Animals were sacrificed by intraperitoneal pentobarbital administration and exsanguination by aortic transection. The trachea was exposed by a vertical midline skin incision, cannulated through a small transverse incision in its ventral surface away from the thoracic inlet, inflated with fixative (PBS, pH = 7.4, containing 4% paraformaldehyde) under a hydrostatic head of 25cm and ligated with suture while retracting the cannula to seal the lung under pressure. The sternum and diaphragm were transected sagittally, retracted laterally, and the lungs and heart separated from the chest wall by blunt dissection to avoid puncturing the mediastinal pleura and removed from the chest. The intact tissue block containing the heart, lungs, and ligated trachea was submerged in fixative and kept at 4°C for 24 hours. After fixation, the lung lobes were divided, removed from the tissue block, cut into ~2 mm thick slices along the long axis, washed in cold PBS, dehydrated, embedded in paraffin, and 5 μm thick sections were cut and stained with hematoxylin and eosin (H&E), periodic acid-Schiff reagent (PAS), or Masson’s trichrome as previously described⁴⁰. Immunostaining for surfactant protein B (SP-B) was done by incubating slides with rabbit anti-SP-B polyclonal antibody (diluted 1:500, Seven Hills Bioreagents, Cincinnati, OH) and Vectastain ABC anti–rabbit immunohistochemical horseradish peroxidase kit (Vector Labs, Inc., Burlingame, CA) and counterstaining with hematoxylin as described⁴¹. To prepare frozen lung sections, the lungs were inflation fixed in-situ as described above and then the heart and lungs were removed enbloc and cryoprotected by sequential immersion in PBS containing increasing sucrose concentrations (10%, 15% and 20%; 8-12 hours, 4 °C, at each concentration). The lungs were then embedded in Tissue-Tek OCT compound (Sakura Finetek, Torrance, CA), frozen and stored at -80 °C until use. Serial 6 μm sections were prepared for immunostaining or evaluation of GFP⁺ cells. Lung sections and sedimented lung cells were examined by light microscopy using a Zeiss Axioplan 2 microscope (Zeiss) equipped with AxioVision software (Zeiss).

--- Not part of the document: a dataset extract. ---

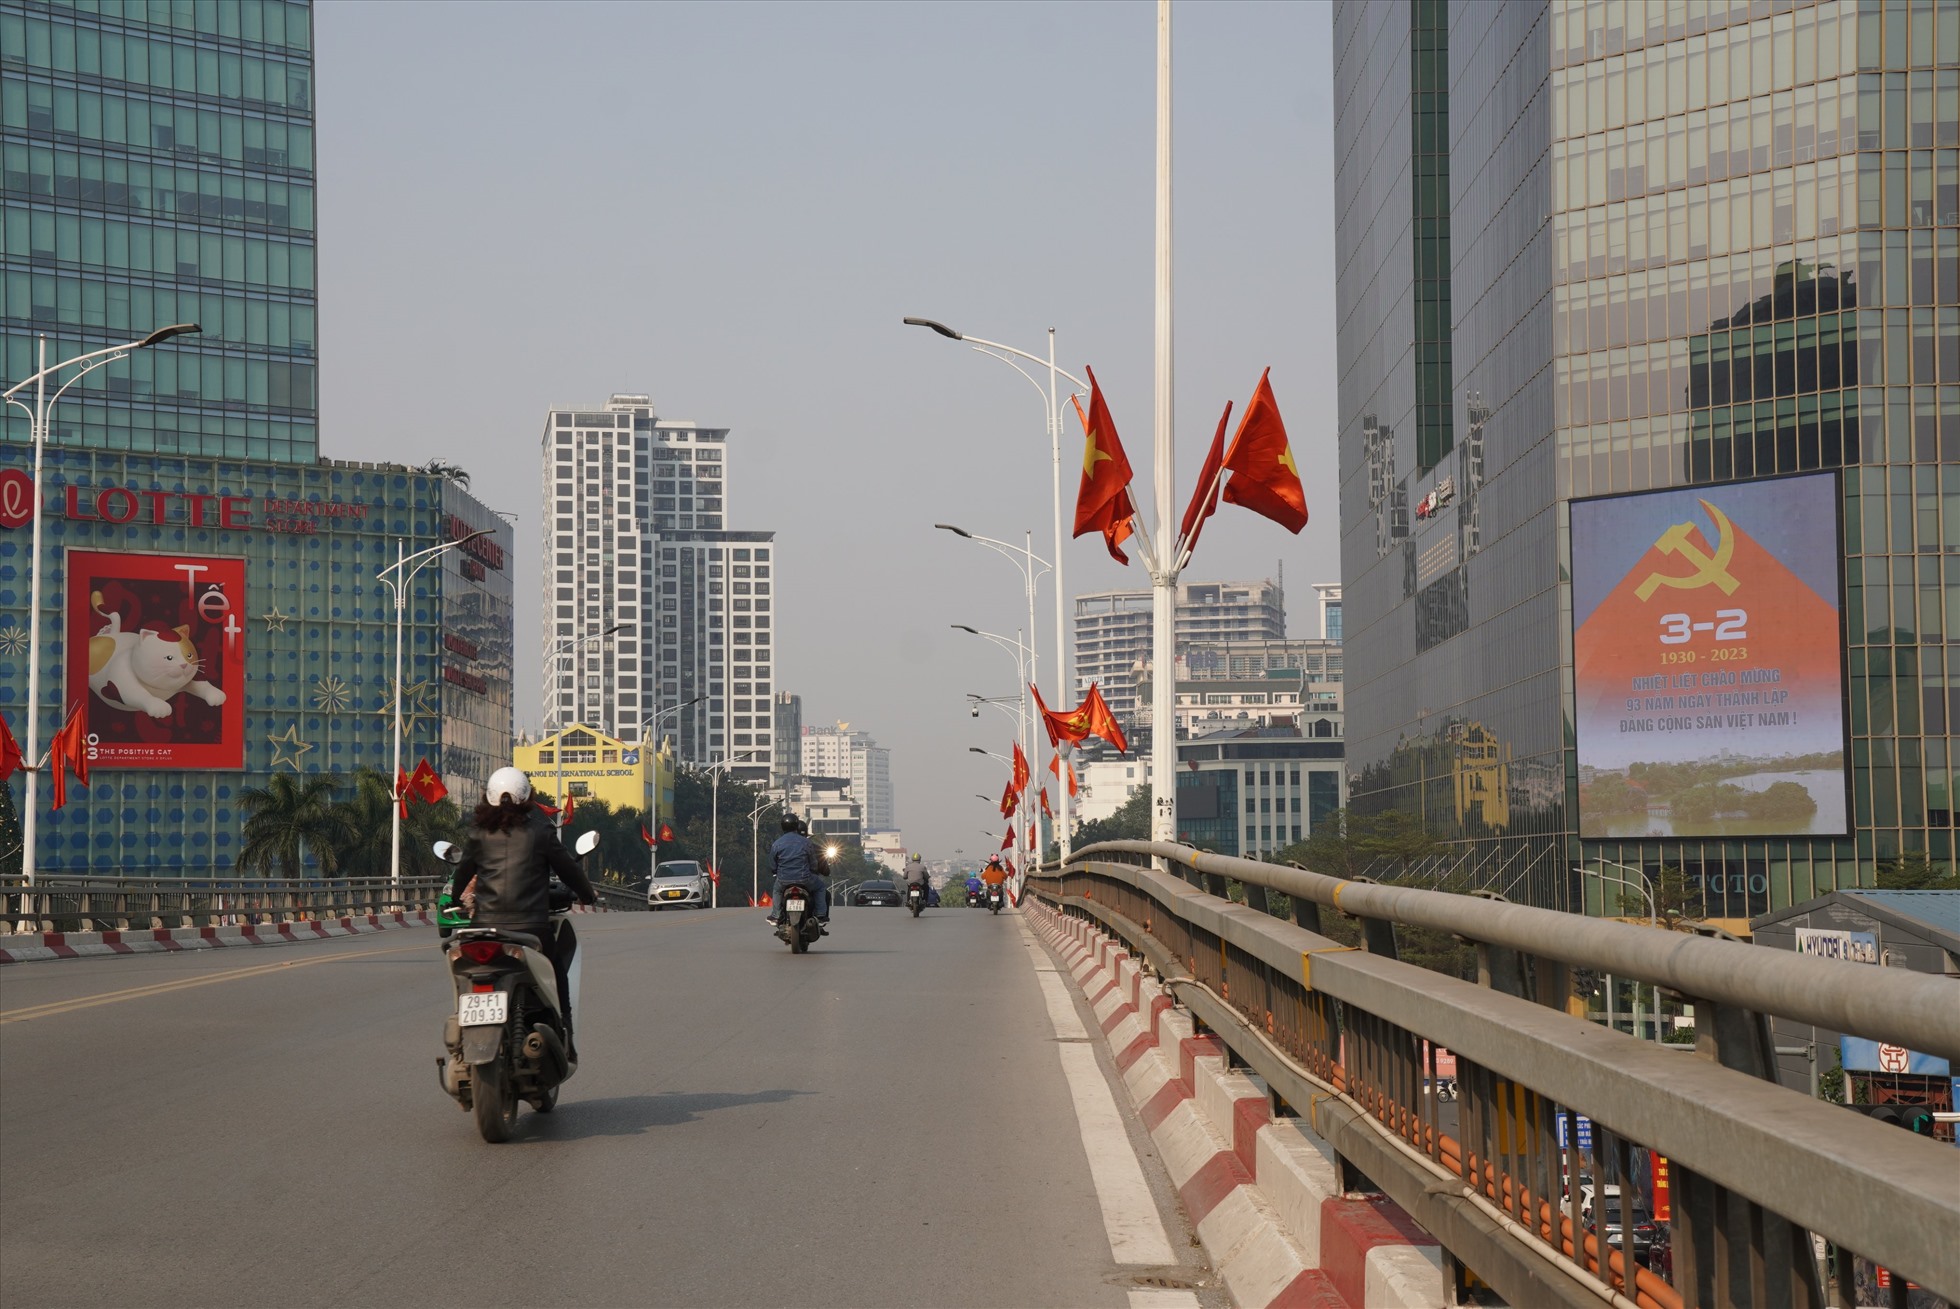 Các tuyến phố Hà Nội hiện đã được trang hoàng rực rỡ cờ hoa để hướng đến kỷ niệm 93 năm ngày thành lập Đảng (3.2.1930 - 3.2.2023).

Collection, handling, and evaluation of bronchoalveolar lavage fluid and cells

Epithelial lining fluid and non-adherent cells were collected from lung surface of mice by bronchoalveolar lavage (BAL) as described⁴² and processed immediately. Briefly, five 1 ml aliquots were instilled and immediately recovered per mouse and combined resulting in a BAL recovery of 93.9 ± 1.2% per mouse (BAL recovery data for 10 mice evaluated randomly). The photographs of fresh BAL specimens and the specimen after allowing sediment to be formed by overnight incubation at 4 °C were taken. The turbidity of BAL was determined as described⁴¹. Briefly, after gently mixing to ensure a homogeneous suspension of BAL, a 250 μl aliquot was diluted into 750 μl PBS and the optical density was measured at a wavelength of 600 nm and multiplying the result by the dilution factor. The total number of BAL cells recovered from each mouse was determined by counting cells in an aliquot of known volume using a hemocytometer and multiplying the result by the total volume of BAL and dividing by the volume of the aliquot used for counting. BAL cytology was evaluated in aliquots (~50,000 cells) after sedimentation (Cytospin, Shandon, Inc.; 500 rpm, 7 min, room temperature) onto glass slides and staining with DiffQuick, PAS, or oil-red-O (all from Fisher Scientific) as described⁴¹. The cell differential was determined by microscopic examination of DiffQuick stained cells and the total number of alveolar macrophages per mouse was determined by multiplying the percentage of alveolar macrophages in BAL cells by the total number of BAL cells recovered⁴³. BAL fluid and cells were separated by low speed centrifugation (285 × G, 10 min, room temp) and stored at -80 °C until use (BAL fluid) or immediately evaluated (referred to as BAL cells) or used to isolate alveolar macrophages (see below). Primary alveolar macrophages were purified by brief adherence of BAL cells to plastic as described¹⁸. Viability was evaluated by Trypan blue exclusion and was ≥ 95%.

ELISA

The concentration of surfactant protein D (SP-D) in BAL fluid was measured by enzyme-linked immunosorbent assay (ELISA) as we described⁴¹. The concentration of several cytokines (GM-CSF, M-CSF, MCP-1, IL-1β, IL-6, TNFα) in BAL fluid and erythropoietin in serum was measured by ELISA (Mouse Quantikine Kits, R&D Systems) as described¹.

Quantitative RT-PCR

Total RNA was isolated from alveolar macrophages using TRIzol Reagent (Life Technologies, Carlsbad, CA) and then used to purify mRNA using RNeasy (Qiagen, Valencia, CA), both as directed by the manufacturers. Purified mRNA was used to synthesize cDNA using the Invitrogen SuperScript III First-Strand Synthesis System (Life Technologies). Standard quantitative RT-PCR (qRT-PCR) was performed as previously described¹ on an Applied Biosystems 7300 Real-Time PCR System (Life Technologies) to measure transcript abundance using TaqMan® oligonucleotide primer sets (all from Life Technologies) (Extended Data Table 1). Expression of target genes was normalized to the expression of 18s RNA. Data for each gene were shown as the fold change of the mean of results for wild type mice.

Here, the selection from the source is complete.